• _WORK TASK_
A faithful copy of the listing below is needed, with its pictures left out.

++++ SOURCE DATA ++++

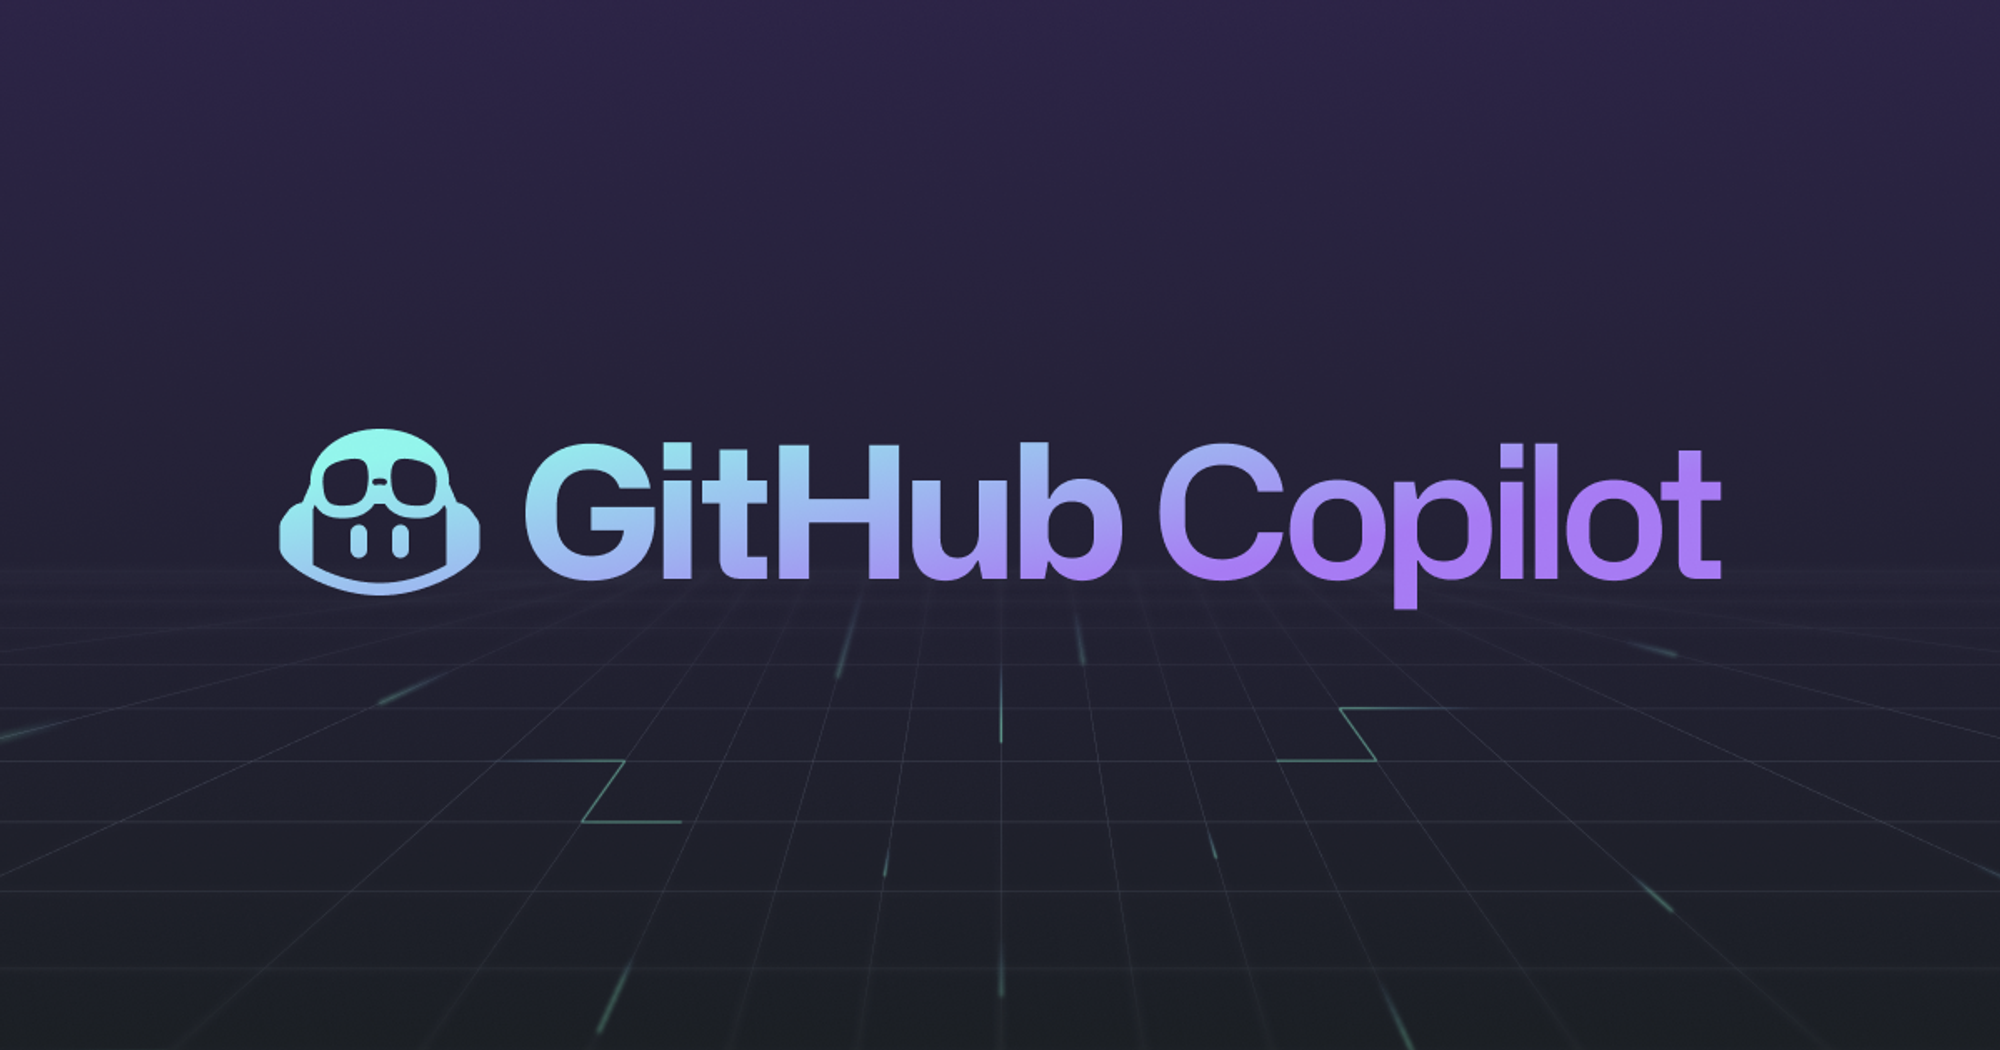 https://github.com/features/copilot
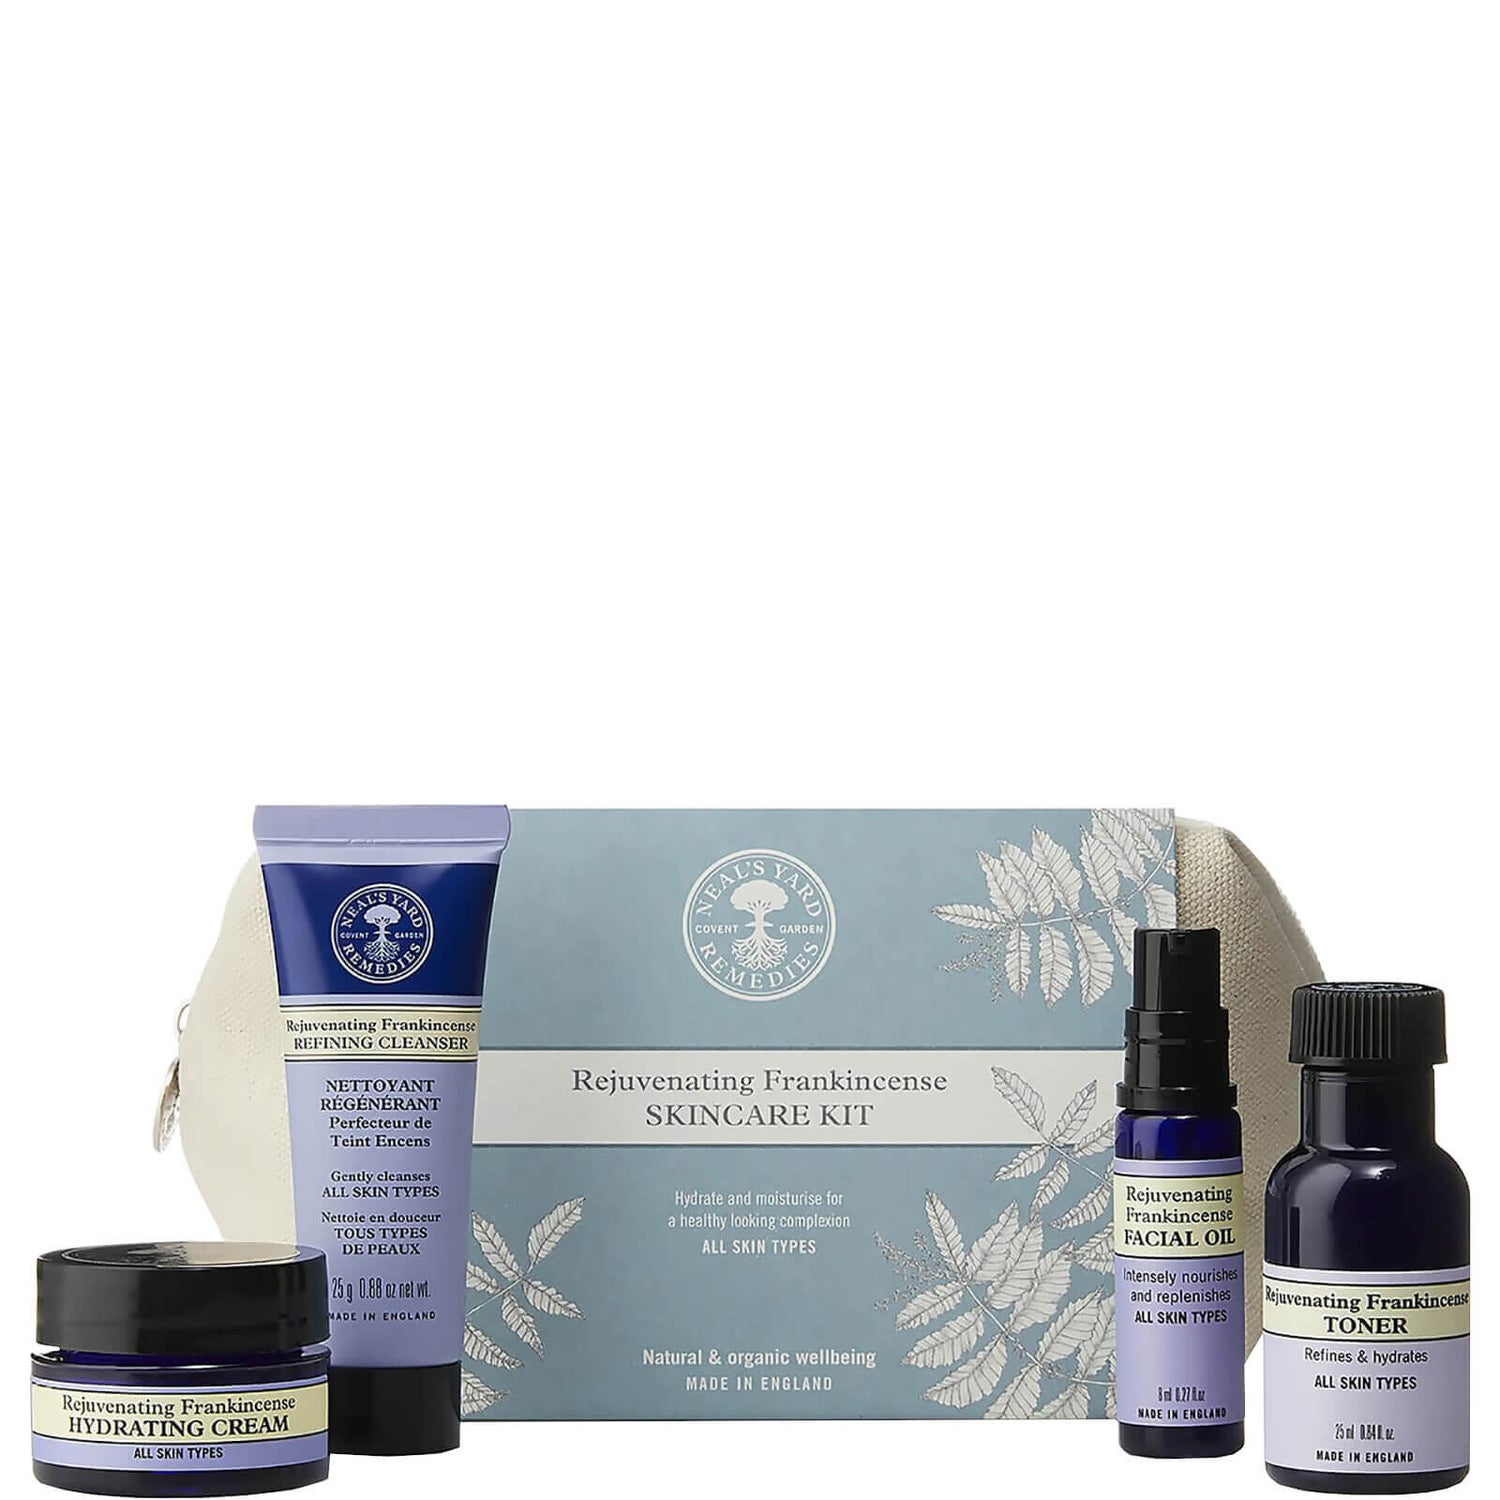 Rejuvenating Frankincense Skincare Kit
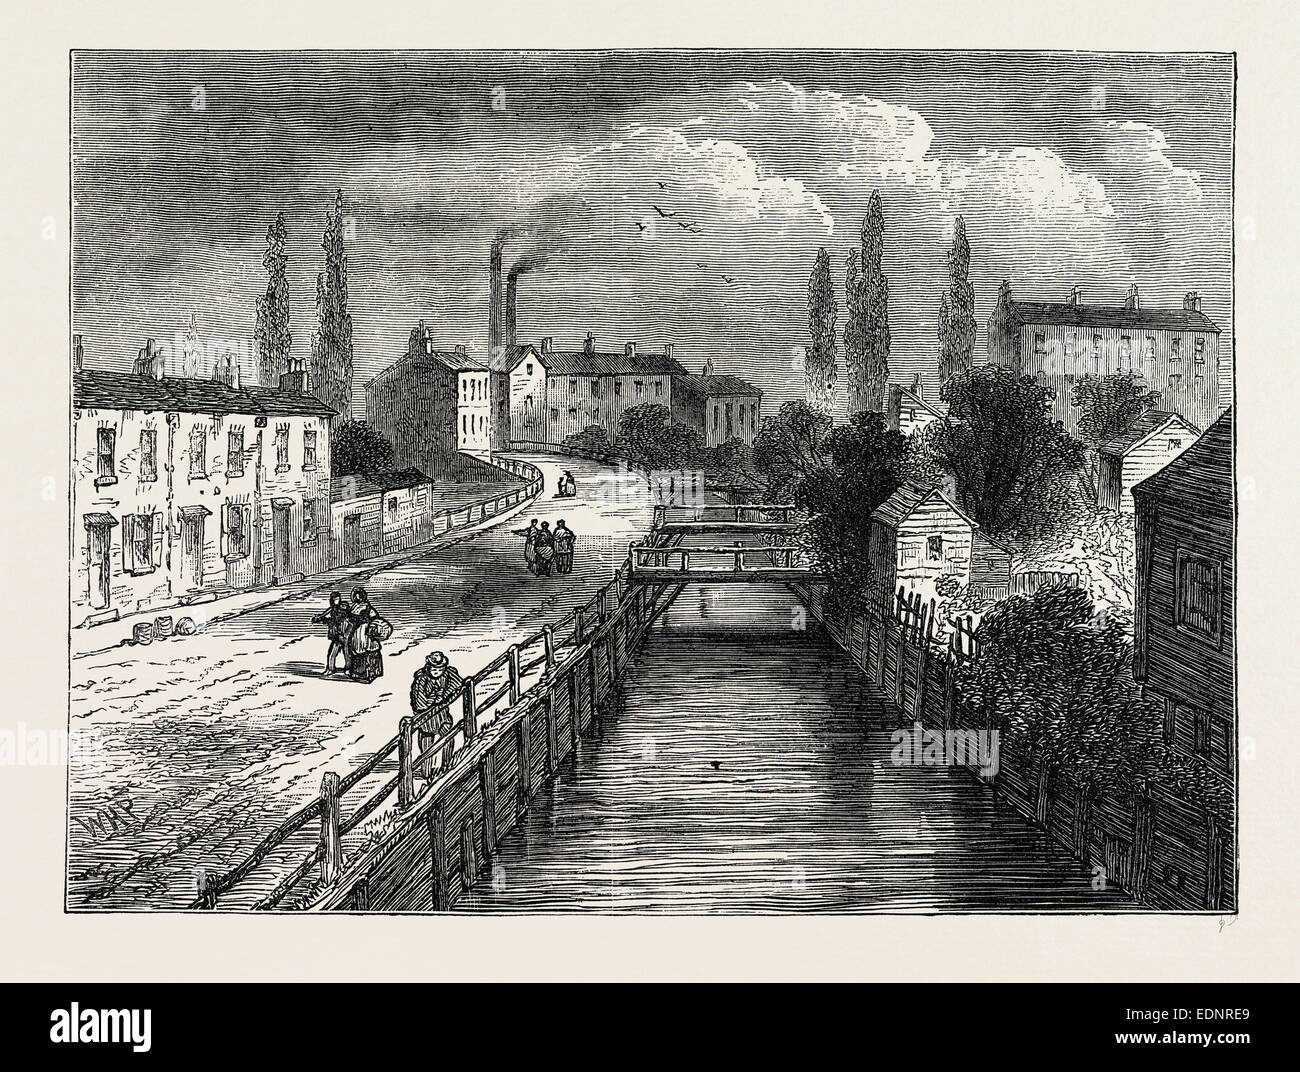 BATTLE BRIDGE EN 1810. Londres, Royaume-Uni, la gravure du xixe siècle Banque D'Images

++++

• _WRITTEN SOLUTION_
 https://github.com/features/copilot
 Rejuvenating Frankincense Skincare Kit
 BATTLE BRIDGE EN 1810. Londres, Royaume-Uni, la gravure du xixe siècle Banque D'Images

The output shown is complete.